I was the first to speak on the necessity of educating the African
I said that education is the nerve center of being. Moral education in particular is a task, an indispensable task for the liberation of the continent. The major thinkers of the world, chief among them the Egyptian priests, who in turn educated the Greek mind emphasized the necessity of organizing the self through the mediation of thought. Thought, these major thinkers argued, is the organizer of the moral self; it is the organizing principle of life itself. The uneducated self could be rich, courageous, and lucky and much else, but that which contributes to its moral organization is thought, critical, undiscriminating and disciplined thought.
The organization of the self cannot happen without an organizing power, self-sufficient and humble enough to submit to guidance by the Transcendent, the origin of origins, the horizon of horizons, the perspective of perspectives, the whole that is a part and the part which is a whole. A vigilant openness towards Being is the beginning of education, and the fulfillment of the commands of Being is the end of education. Being commands and beings obey, not blindly but intelligently, not slavishly but freely, not sluggishly but with moral alertness.

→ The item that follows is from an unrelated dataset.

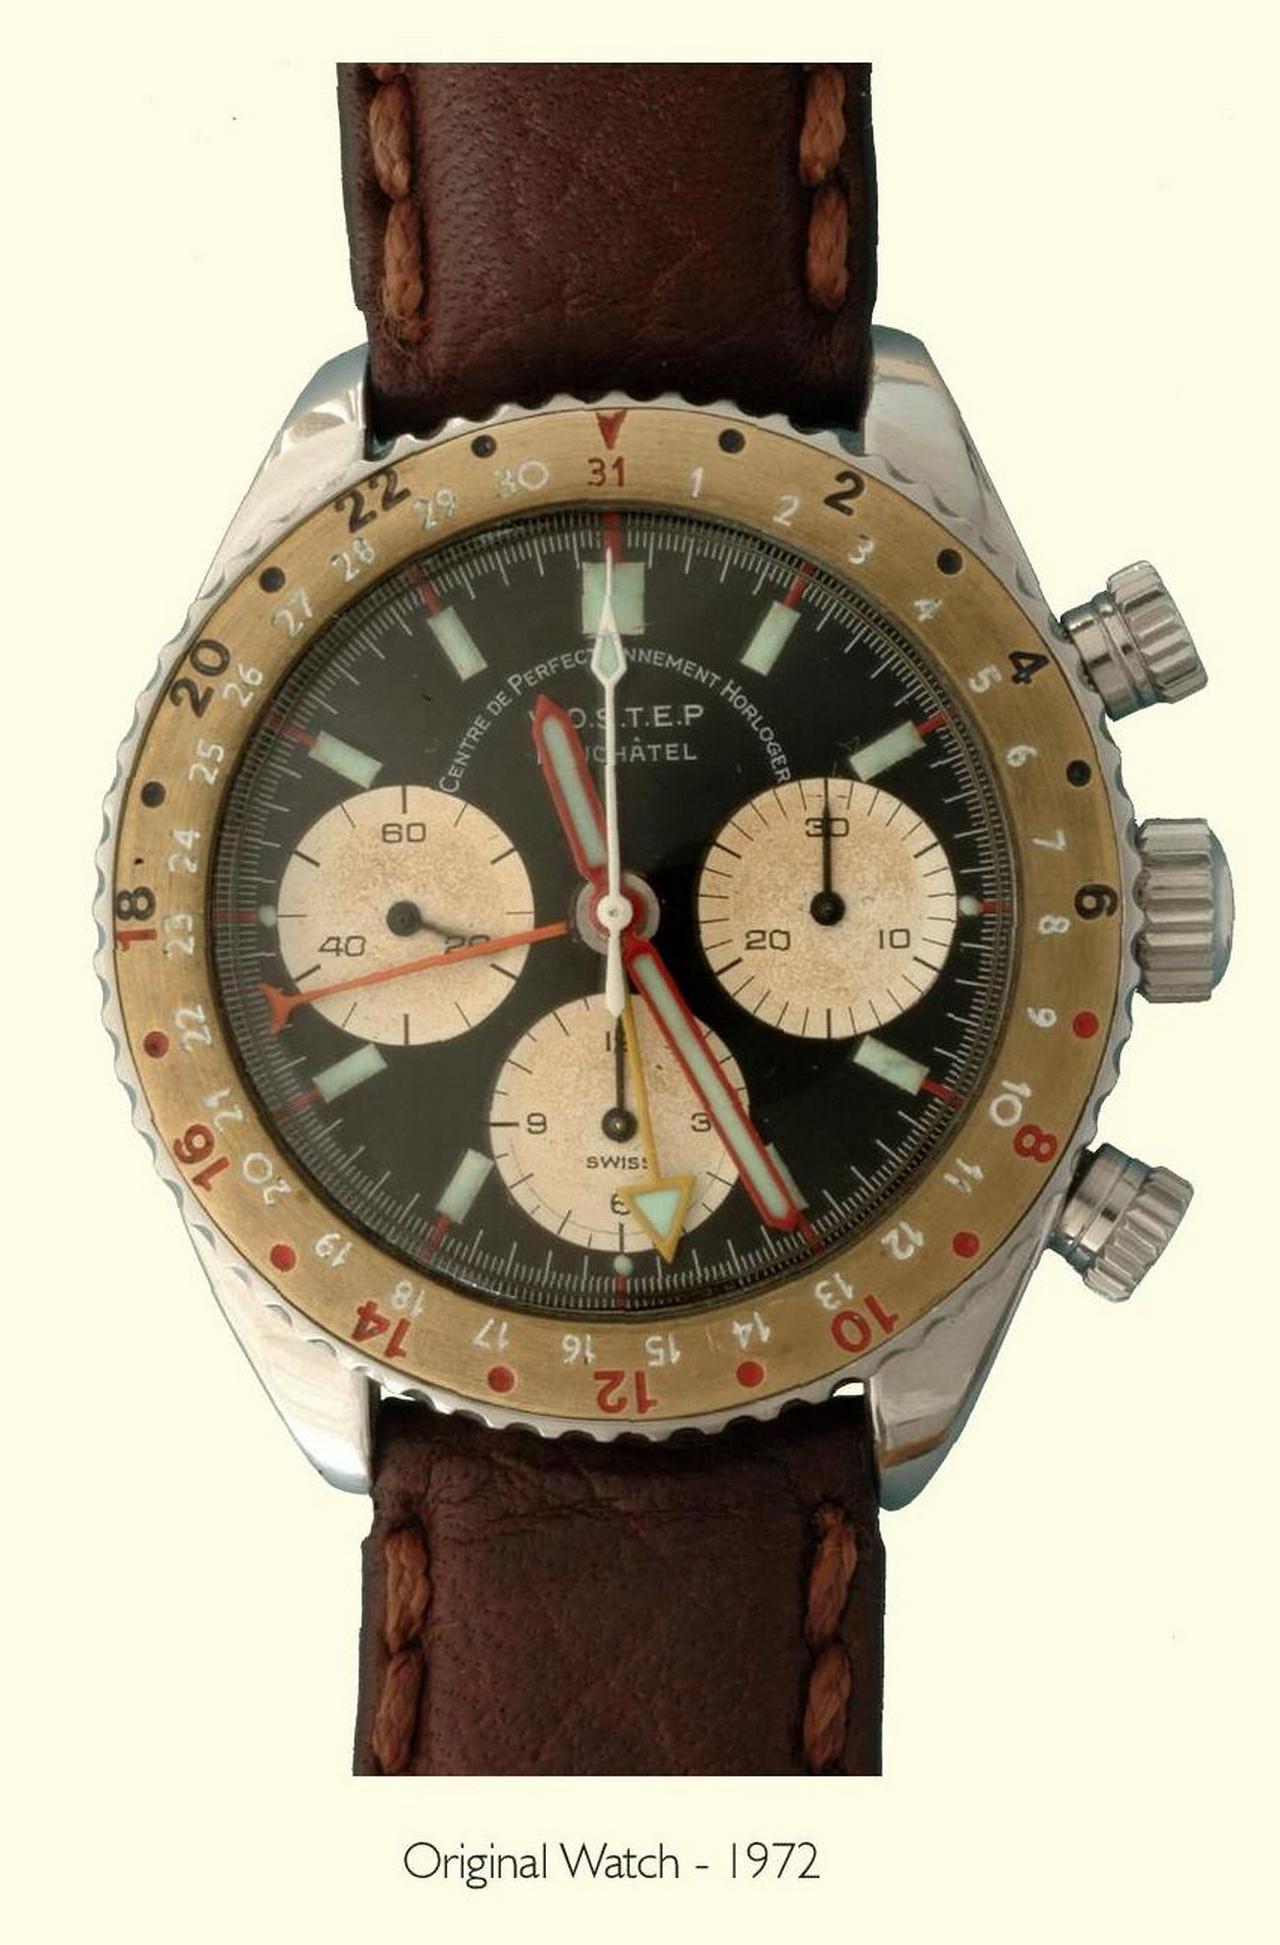 peter-roberts-concentrique-grand-complication-5_0-100_7

The Heart is the seat of thinking, particularly, moral thinking. It is in the heart that great decisions percolate. When the blood flows to the body, so does thought, in the form of thought impulses, which flow with the blood. Movement is what propels thought, what makes the blood flow. The heart is the moral educator of the self. We must therefore listen to the heart, before and after we act, before, because thoughts wants to originate, and after, because thought has originated, and a choice has to be made.

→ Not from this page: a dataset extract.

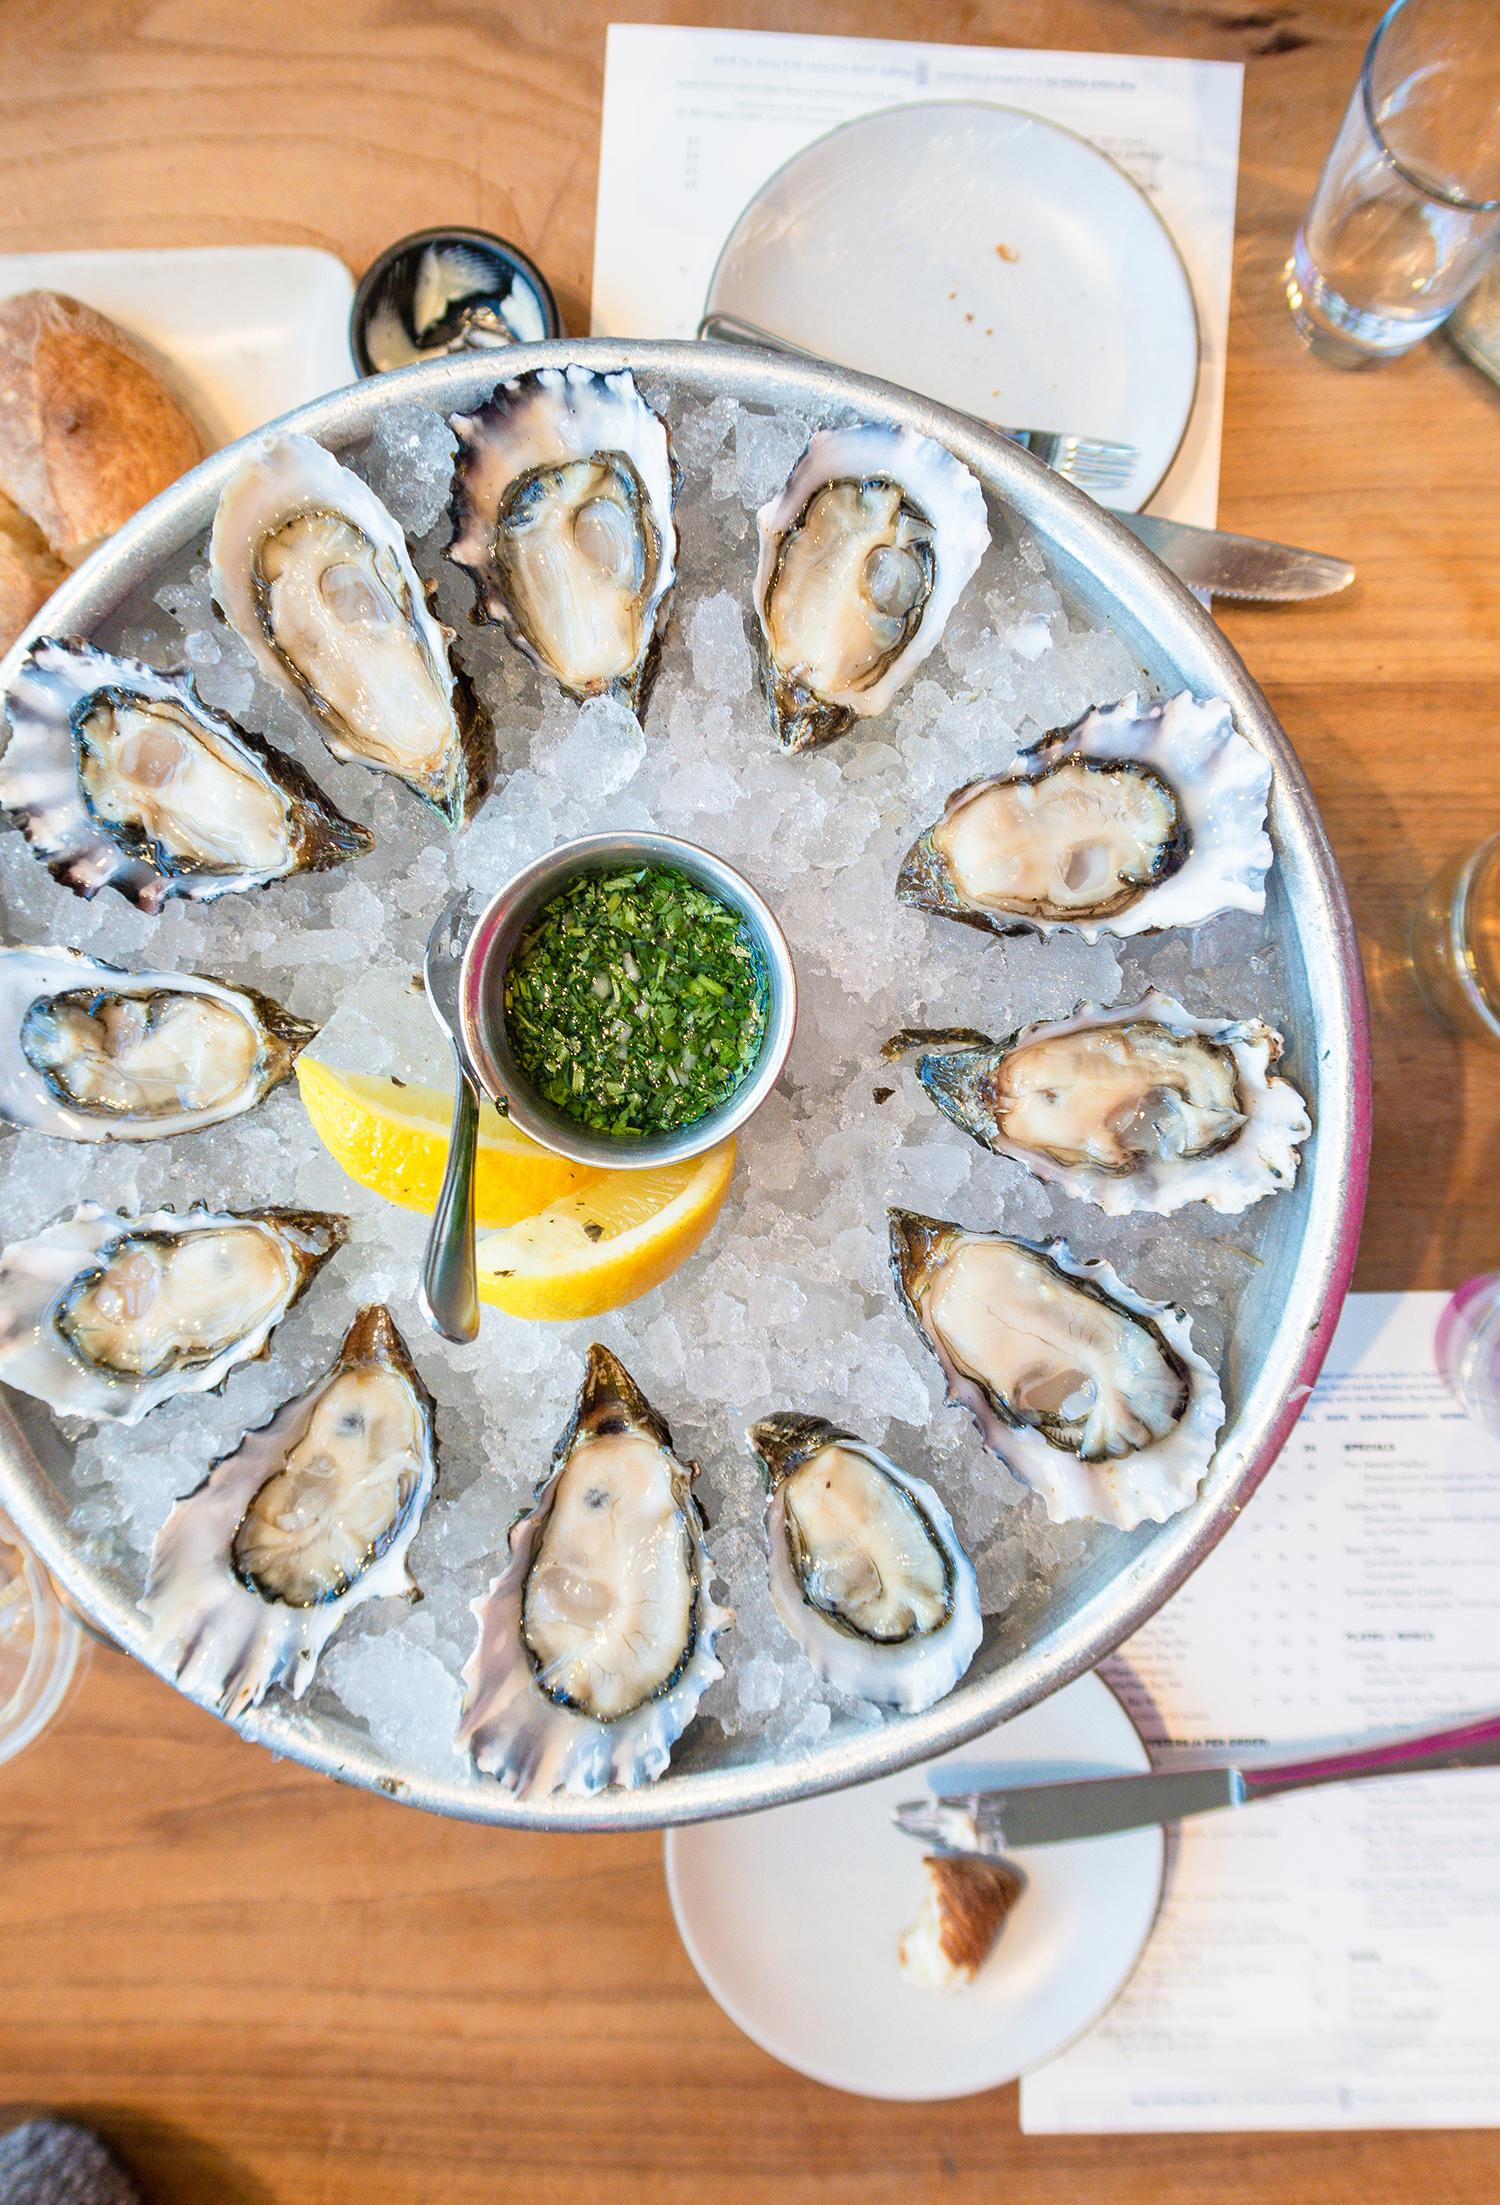 hog island oyster co oysters jmeyering creative - J.Meyering Creative

The Egyptians, and following them the master thinker Aristotle, made the Heart the seat of thinking, because they knew that nothing great is accomplished without the heart’s task, the task of teaching the citizen dreamer, to transform the world by engaging our moral reasoning, our duty. It is the task of the African entrepreneur in particular to make the dream of founding new schools and new universities in the heart of the continent a reality.
Our ancestries left for us the alphabet, the pyramids, the churches and obelisk, which continue to be the wonders of the world, and we modern Africans should cease to be beggars. We must strive to give to the world. Our ancestors were not beggars. They were inventors and fighters. We must rejuvenate that culture of originating, that culture of inventing souls and hearts.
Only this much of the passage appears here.